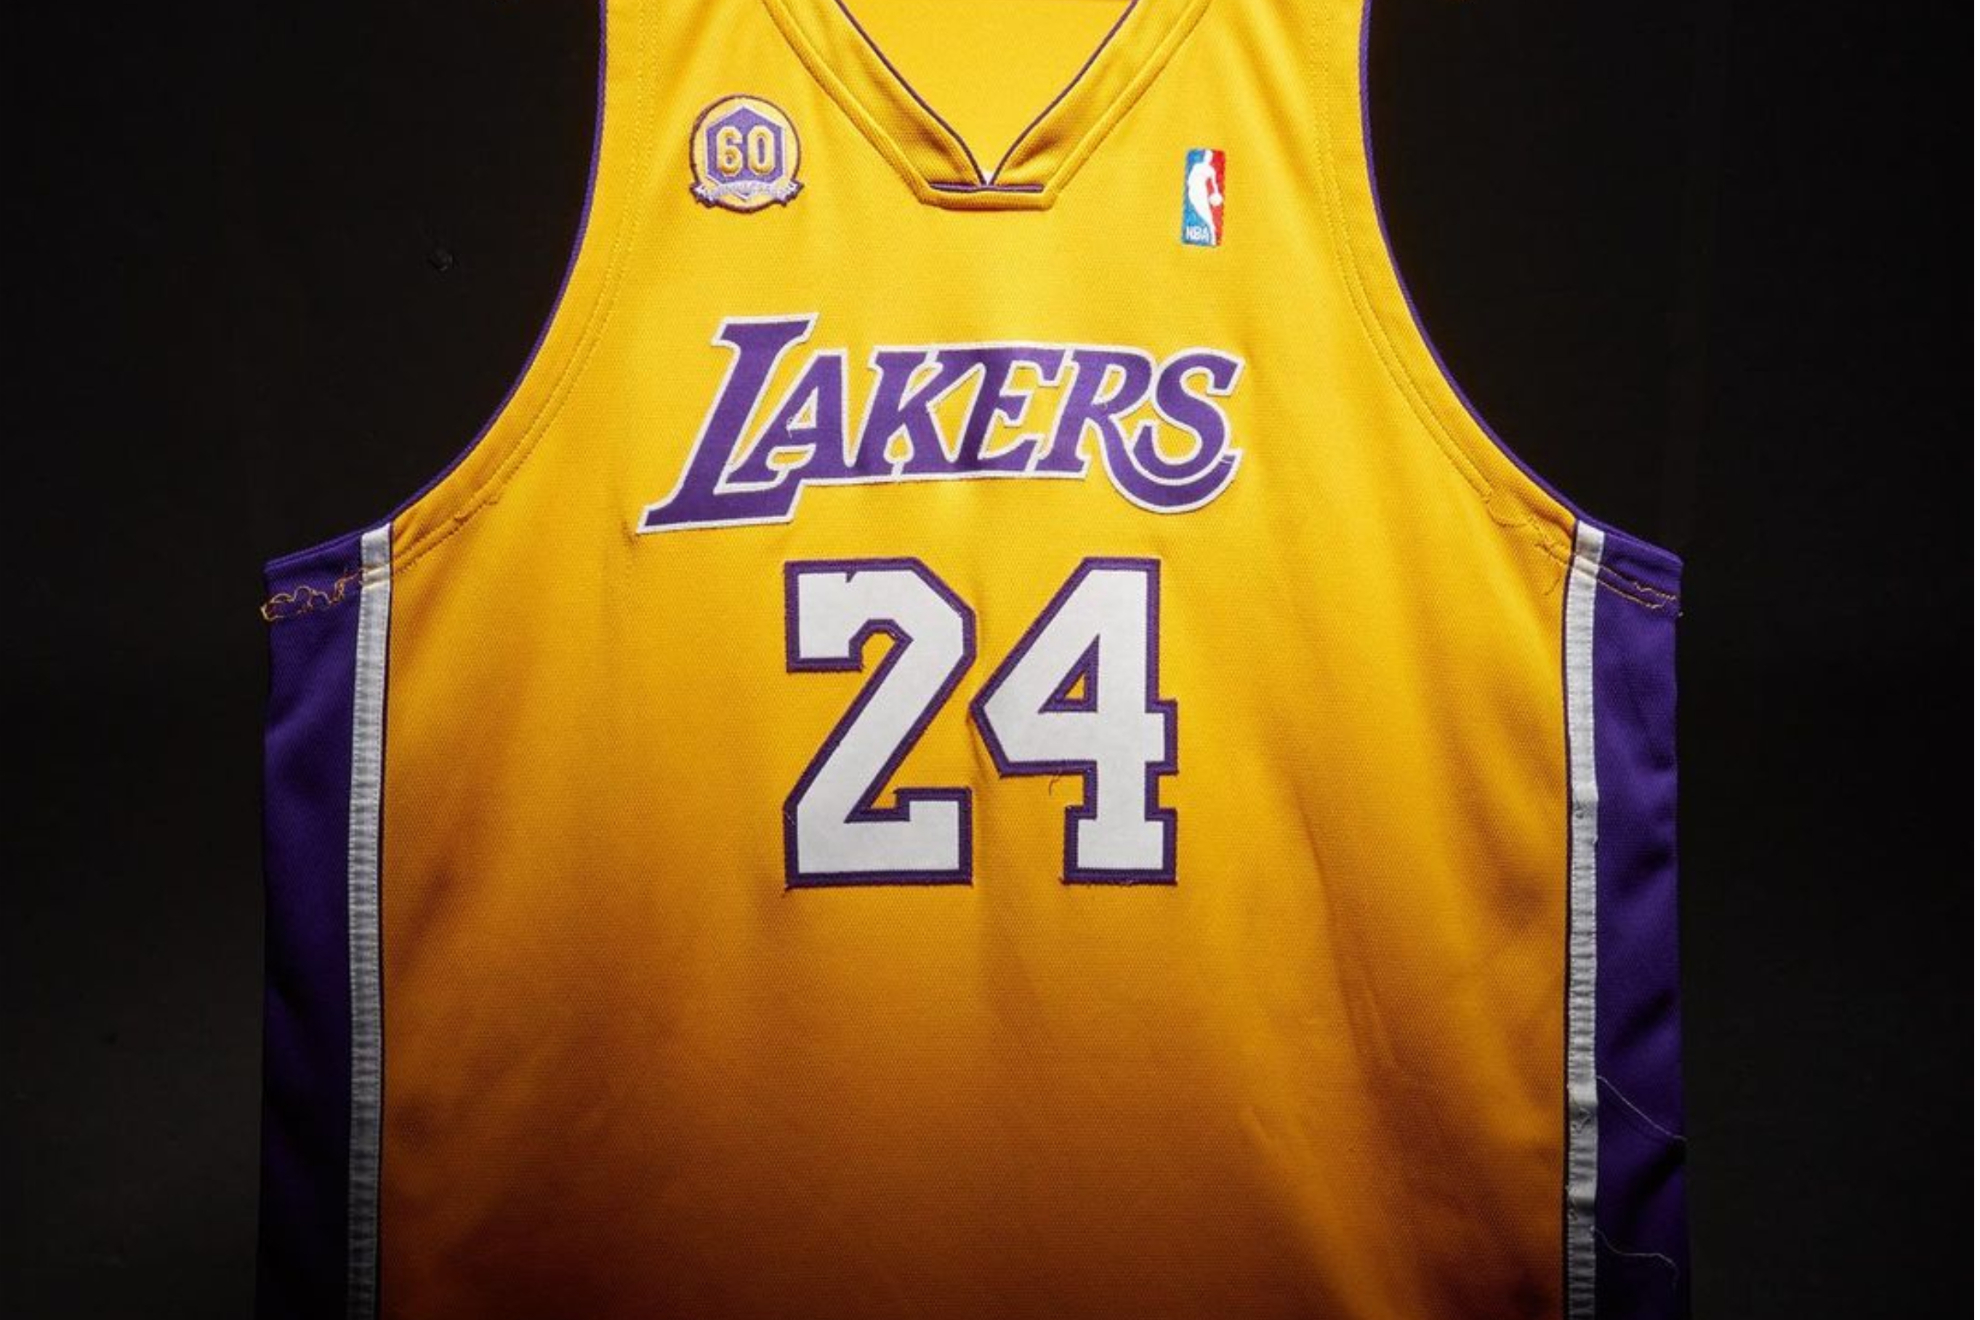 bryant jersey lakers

--

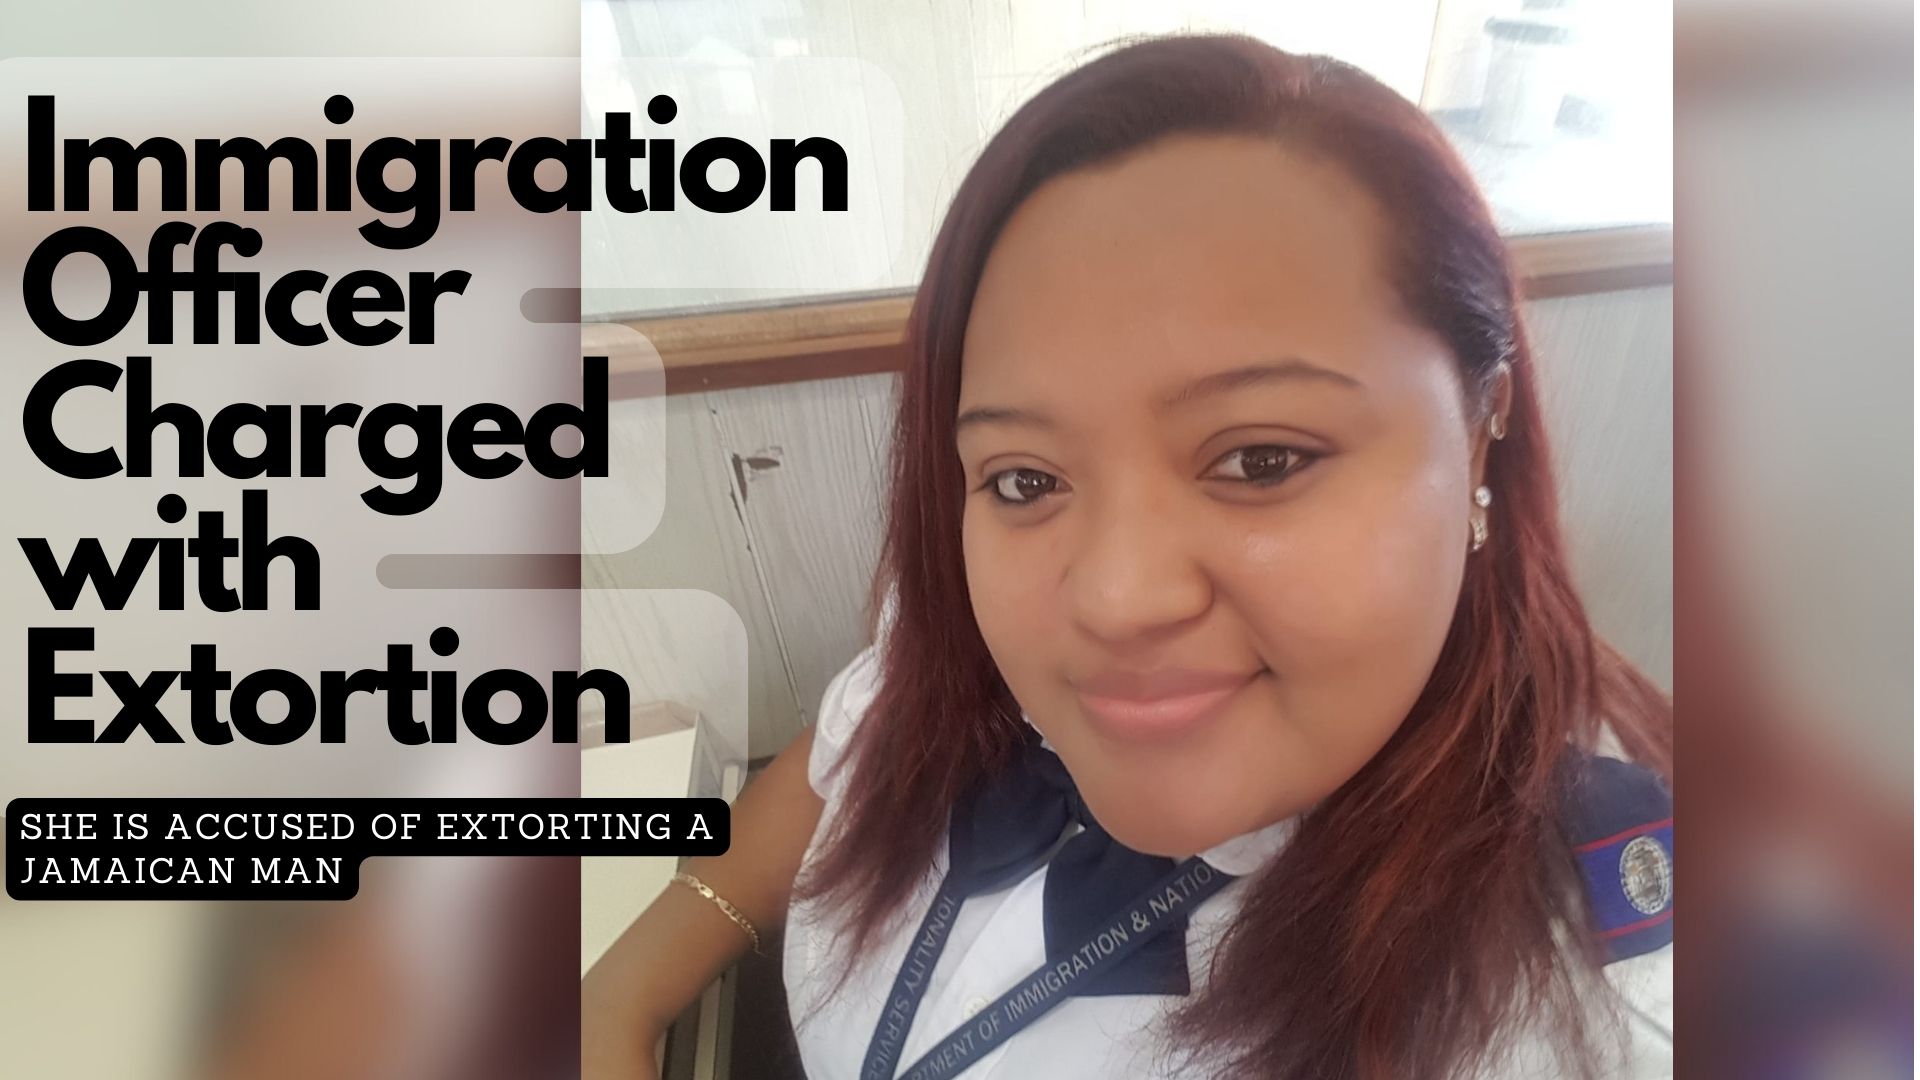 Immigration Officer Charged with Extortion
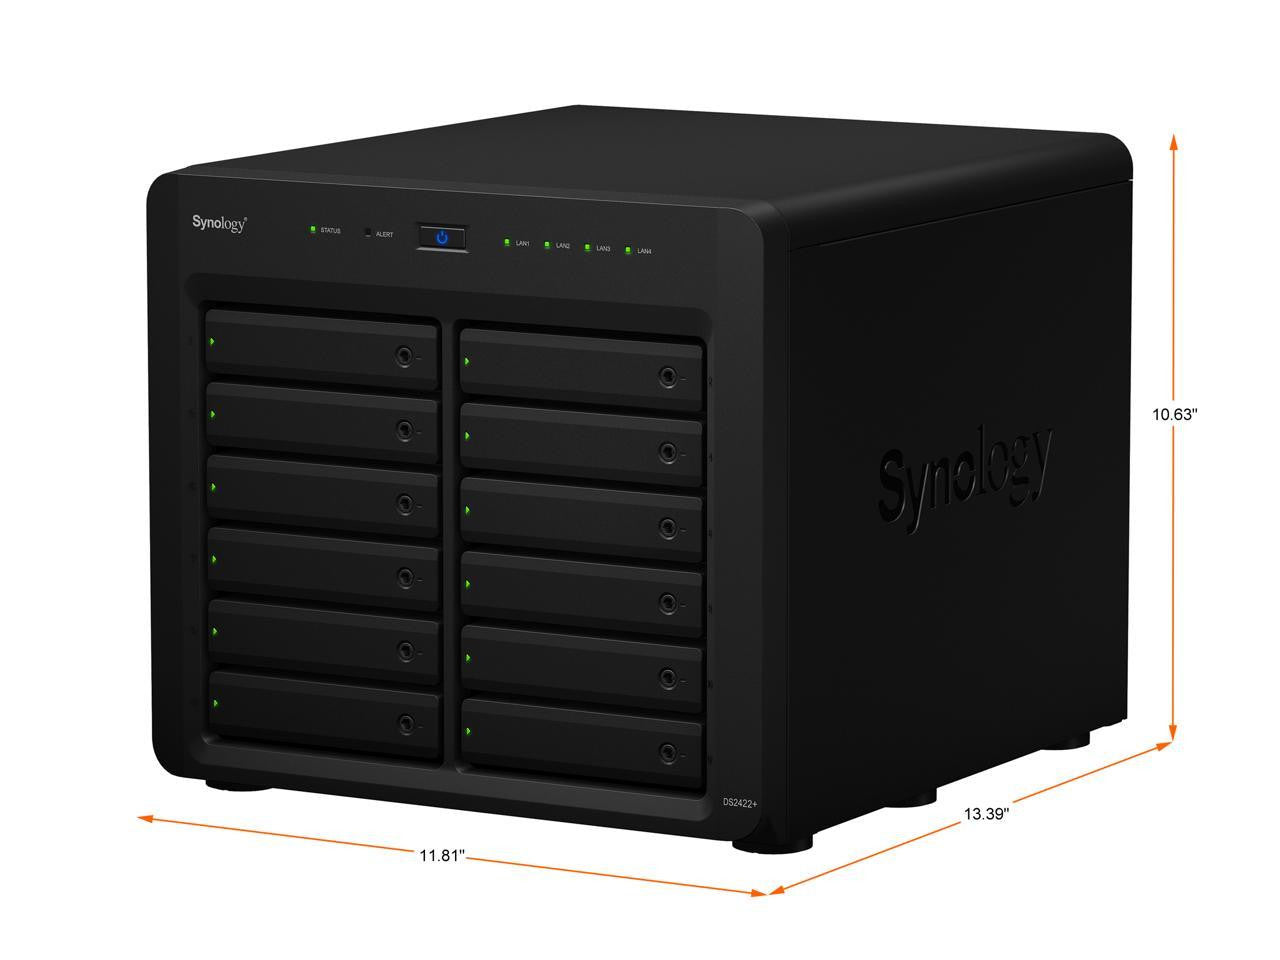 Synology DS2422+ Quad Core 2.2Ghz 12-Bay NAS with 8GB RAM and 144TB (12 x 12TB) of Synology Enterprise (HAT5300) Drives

» **Exercise goal**
In the listing above, find the line containing "Immigration Officer Charged with Extortion" and the line containing "Synology DS2422+ Quad", then write out both of them and every line between, exactly, with no pictures.

» **Response to the exercise**
 Immigration Officer Charged with Extortion
 Synology DS2422+ Quad Core 2.2Ghz 12-Bay NAS with 8GB RAM and 144TB (12 x 12TB) of Synology Enterprise (HAT5300) Drives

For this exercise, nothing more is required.